(1312) Atendiendo al deseo que,
impacientemente, tenía Alonso de Ribera para darles alicientes a los soldados,
el Rey fijó una cantidad anual de 20.000 ducados, destinada al pago de sus
salarios a través del virrey de Perú. En cuando lo supo el gobernador Ribera,
lo hizo público en un bando con las siguientes palabras: "Se comunica a
los soldados y oficiales lo ordenado por el Rey para que, todos los que
quisieren venir a tener su puesto bajo las reales banderas, sepan que se les
darán los dichos sueldos, conforme a la plaza que en que cada uno
sirviere". Sin embargo, lo prometido no era una gran cantidad:
"Conociendo el gobernador que, a causa del alto precio de la ropa y de
otros artículos, esos sueldos eran relativamente mezquinos, y que, además, las
penalidades de la guerra habían de atraer a pocas personas que quisieran
enrolarse voluntariamente en el ejército, el Gobernador ofrecía en premio
repartimientos de indios a los soldados que sirviesen mejor, y decía que iba a
hacer las gestiones convenientes para obtener un aumento en los mismos sueldos.

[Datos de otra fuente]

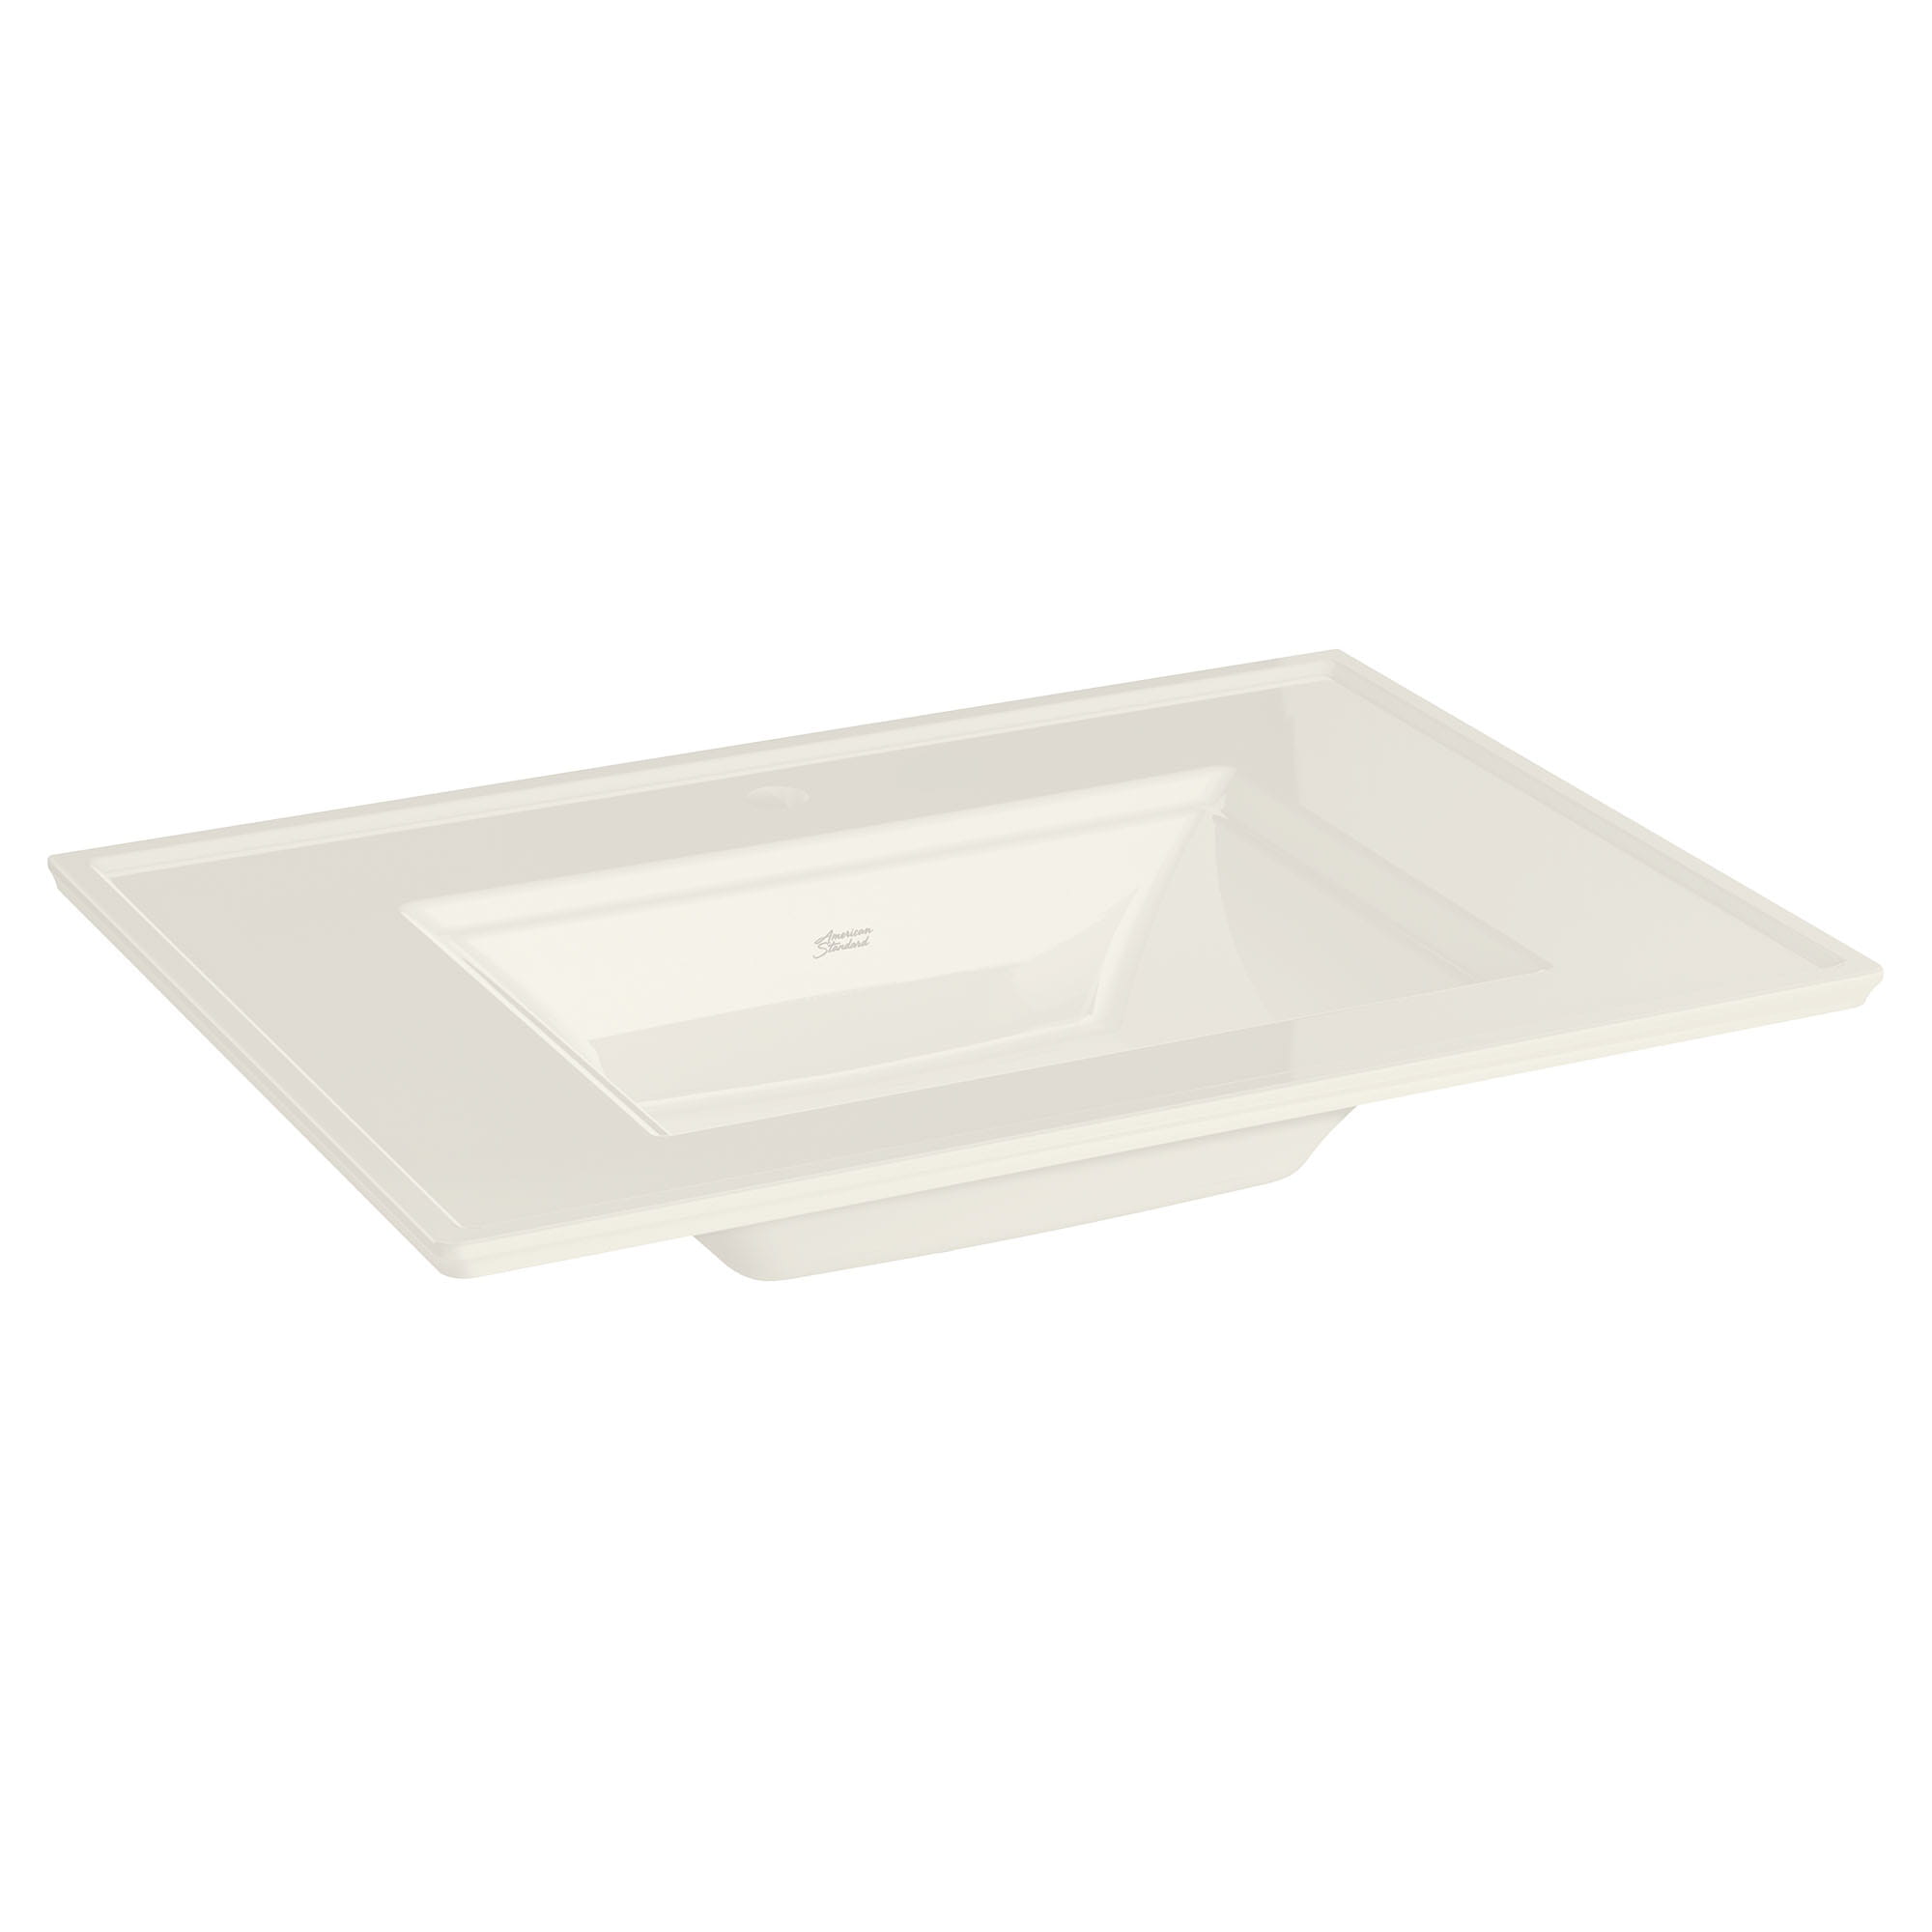 Town Square® S Console Vanity Sink Top Center Hole Only

Con este aliciente, Ribera, dejando algunas tropas para la defensa de
Concepción y de los fuertes establecidos, pudo formar una columna de 580
hombres, al frente de la cual se proponía hacer una nueva campaña en los meses
que quedaban de verano. Había podido reunir con dificultad los caballos
necesarios para una tropa de doscientos jinetes. Los cuales, partiendo por
delante, y penetrando más al sur de los últimos fuertes españoles (era la
estrategia de adelantar la frontera con los mapuches), comenzaron a hacer
una guerra implacable a los indios que poblaban los campos de Angol y de
Mulchén. Ribera, entre tanto, había salido de Concepción el 28 de febrero al
frente de las tropas de infantería, y se dirigía también al sur, para dar mayor
impulso a las operaciones. Esta campaña duró sólo quince días".

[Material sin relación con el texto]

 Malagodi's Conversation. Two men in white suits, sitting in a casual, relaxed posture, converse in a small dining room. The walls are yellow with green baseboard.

En ocasiones, los mapuches eran
conscientes del impulso agresivo de sus enemigos, y se retiraban: "Los
bárbaros, según su costumbre, no querían empeñar combate con fuerzas compactas
de los españoles, y se dispersaban en fuga en todas direcciones, yendo a
refugiarse de forma numerosa en las famosas ciénagas de Purén y de Lumaco,
donde en tantas ocasiones se habían escapado de la persecución de sus enemigos.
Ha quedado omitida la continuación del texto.